Things I didn't say that I should have

Jun 26, 2005 00:54

First, I would like to say that you, in no way, have shown me any of your “Christian” values, and in fact have pushed me farther away from the church than I’ve ever been. Solely because of you, I hope to never set foot in a church again, nor will I want to associate myself with “Christians” like you again.

My money problems are the result of your sister’s lie. My father never took money out of my account. I made that up so that hopefully you wouldn’t feel I was attacking your sister. She told me that she would be paying her share of April’s bills when she mentioned that she would be moving out. Then, with 4 DAYS NOTICE, you told me that she wouldn’t be paying her part, and shouldn’t have to. Unfortunately, you failed to realize that not only did your sister make more money than me (something I’ve mentioned to your face before), that I was working at nearly minimum wage (I’ve also mentioned that to your face, an extra $200 at minimum wage is a lot, by the way), that all the money you think I saved with her being here went into the $530.00 washer and dryer in the garage.

Now, I did my best, but it wasn’t enough…and I apologized for that. I took Maggie's advice, and instead of laying blame or stealing, I sold my stereo, some books, some CD's and movies and nearly anything I could get money for to pay what you felt I owed.

Then, YOUR cat ripped up YOUR veil and you tried to make me feel guilty for it. I put the coats into that closet two weeks before that incident, and haven’t gone back into that room since, yet you still tried to make it sound like it was my fault. Fine...I turned the other cheek and took that slap, too. I tried to brush it off as you just being upset that the veil got ruined, something I completely understand. But, in that little note you left, you said when I paid you the $450 extra in rent, then I could have my share of the house. Well, that number is wrong to begin with (my checks in August and April were for $400.00, that leaves 7 months, not 9 months difference, which comes to $350, not $450). But here are the things that bother me about that. 1) you still used the washer and dryer, yet haven’t paid a dime towards it. 2) you agreed my half of the house would be the garage, even before your sister moved in, and here it is a year later and THAT never happened, either (but I broke my word first, right...no wait, I bought the washer and dryer, and you still haven't even gotten blinds for the living room yet). 3) if I paid you the extra $350, then it would be like I paid $300 a month and you paid $250, so would that have entitled me to cleaning out the living room, kitchen (save some dishes and some magnets) and also taking control of the third bedroom?
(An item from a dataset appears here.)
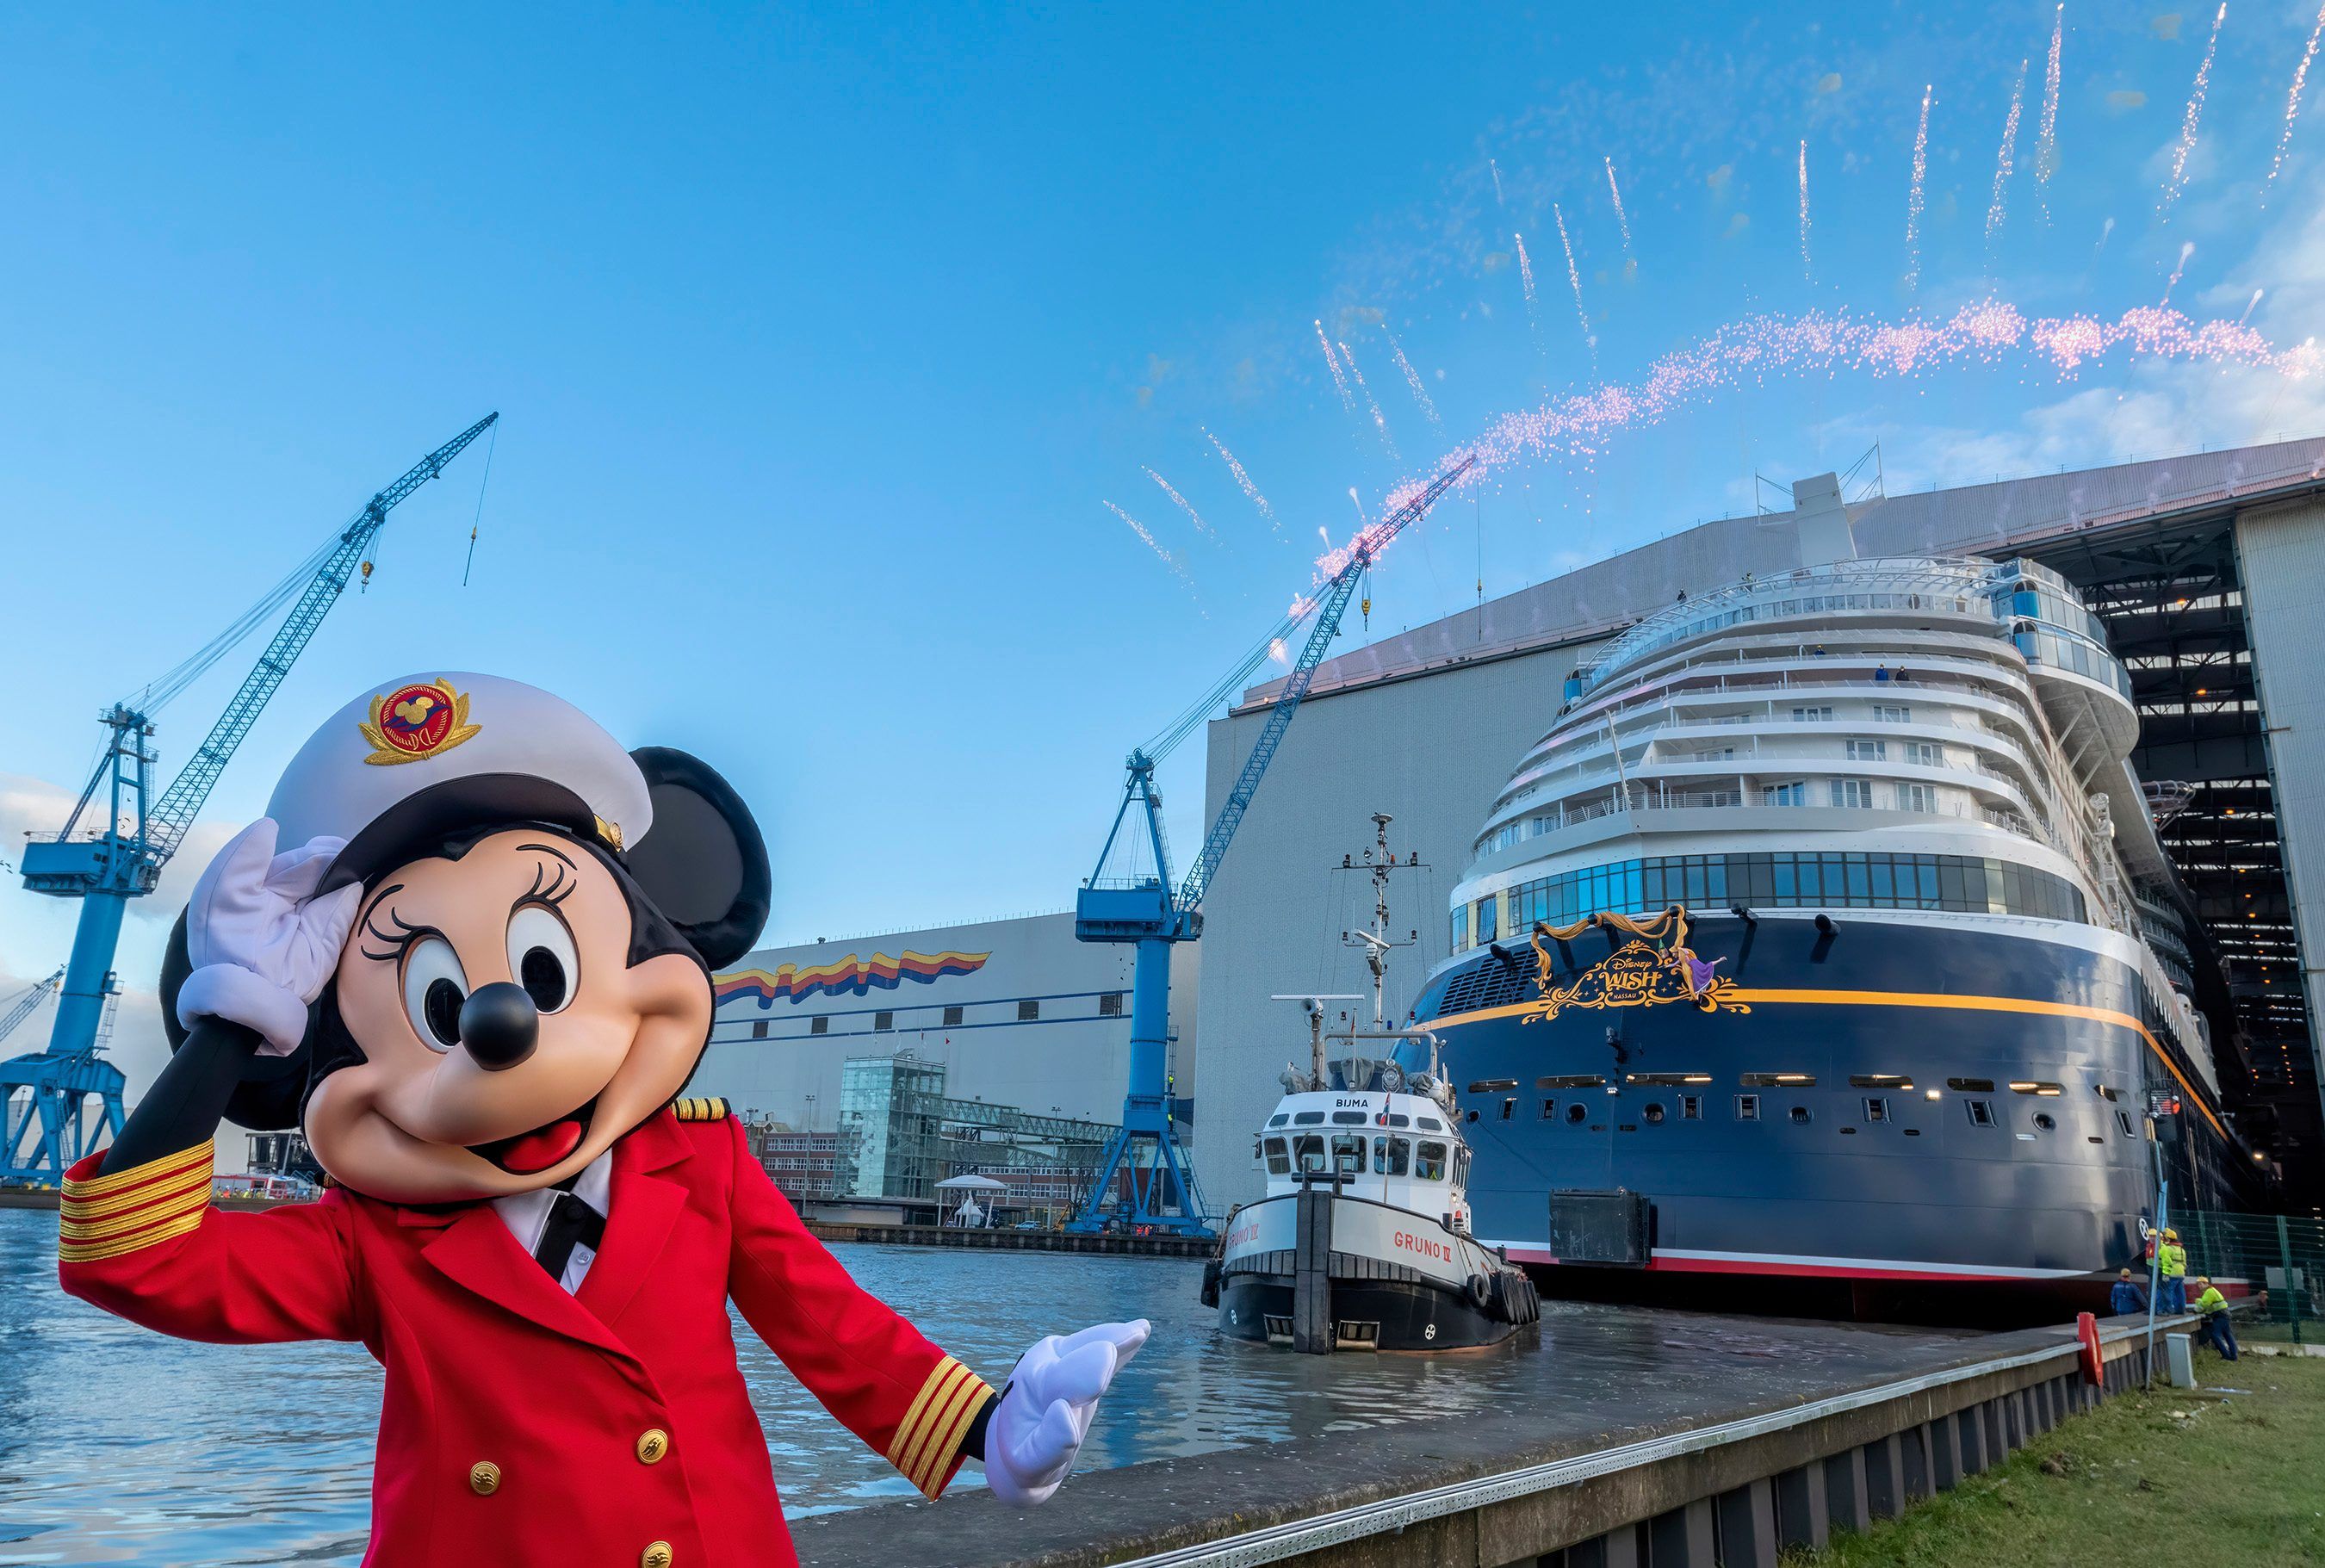 Disney Wish Cruise 2022 - Booking, Itinerary, Price, Photos

You seemed to think so. Now, if we split the rent 3 ways for the 7 months your sister was here, that’d be $267 a piece…so I’d only owe you $17.00 difference for those 7 months, which comes to $119.00 (you can collect the rest from your sister). And, since you can take back your word about paying the extra $300 a month (it was your idea, not mine)...I can take back mine about you not pitching in on the washer and dryer. Take $530, split in half is $265 (split in thirds it’s $176, give me your sister’s address and I’ll collect that from her, if you want). Either way, both is more than the $119 I’d owe you in rent, so you would still owe me $146 (or $57, if your sister pitches in), and that’s just to get everything back to equal pay.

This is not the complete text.